By David DeGraw
April 28, 2010
Not only did Goldman Sachs profit on betting against CDOs they designed to fail; more importantly, they insured them through AIG which led to a $182 billion taxpayer bailout.
Have you heard the news? It’s everywhere! The SEC and Congress have all of a sudden sprung to life and are now “getting tough” on Goldman Sachs. Is this all the first phase of a long-awaited investigation that will reveal the causes of our current economic crisis, or is this just more show trials and psychological operations designed to manipulate public opinion and make the American people feel that our elected officials are finally standing up to their campaign funders on Wall Street?
First off, let’s address these SEC charges against Goldman Sachs. At first glance you might think, oh big deal, this is just a minor civil suit that only indicts a low-level Goldman employee. Goldman will just throw some money at it and it will most likely go away. After all, Wall Street firms have already thrown over $430 billion out to derail 1500 cases against them, so what will make this any different?

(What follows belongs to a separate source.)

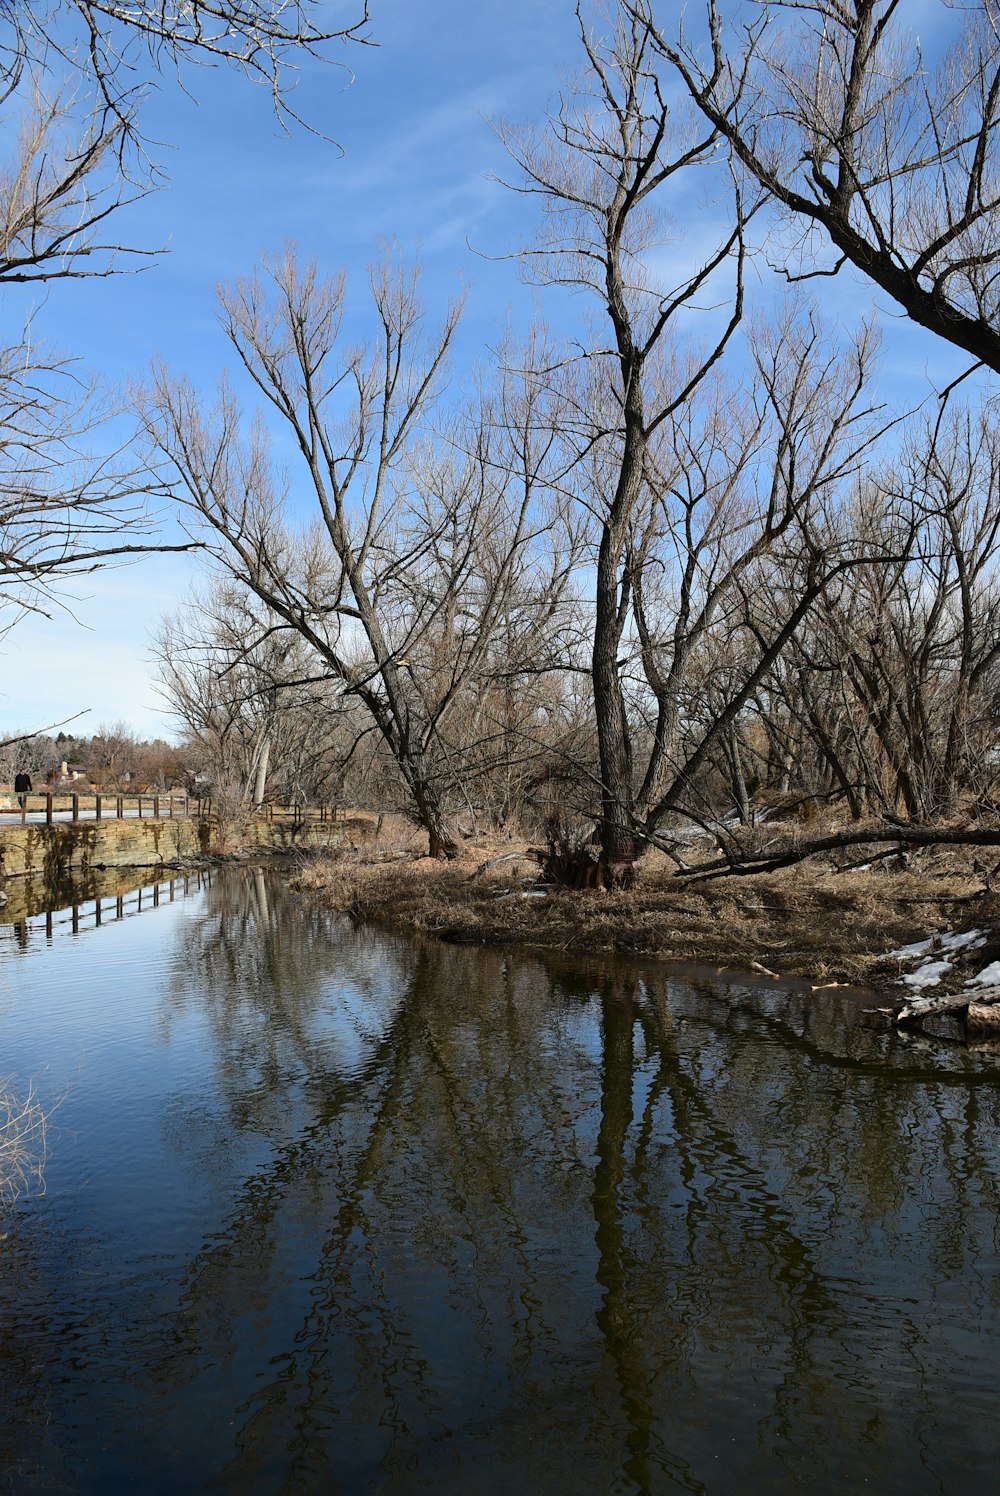 a body of water surrounded by bare trees

We are also left wondering, if the SEC was serious about this case, why aren’t they investigating and prosecuting John Paulson and top Goldman executives under the federal Racketeer Influenced and Corrupt Organizations Act (RICO) statutes? Even the NY Times reported that top executives were involved in the process. If you think Lloyd Blankfein wasn’t fully aware of this billion dollar deal involving John Paulson, you’re delusional. Blankfein became CEO of Goldman due to his outstanding expertise in this particular area, serving as Goldman’s head of the Fixed Income, Currency and Commodities Division (FICC) since its formation in 1997.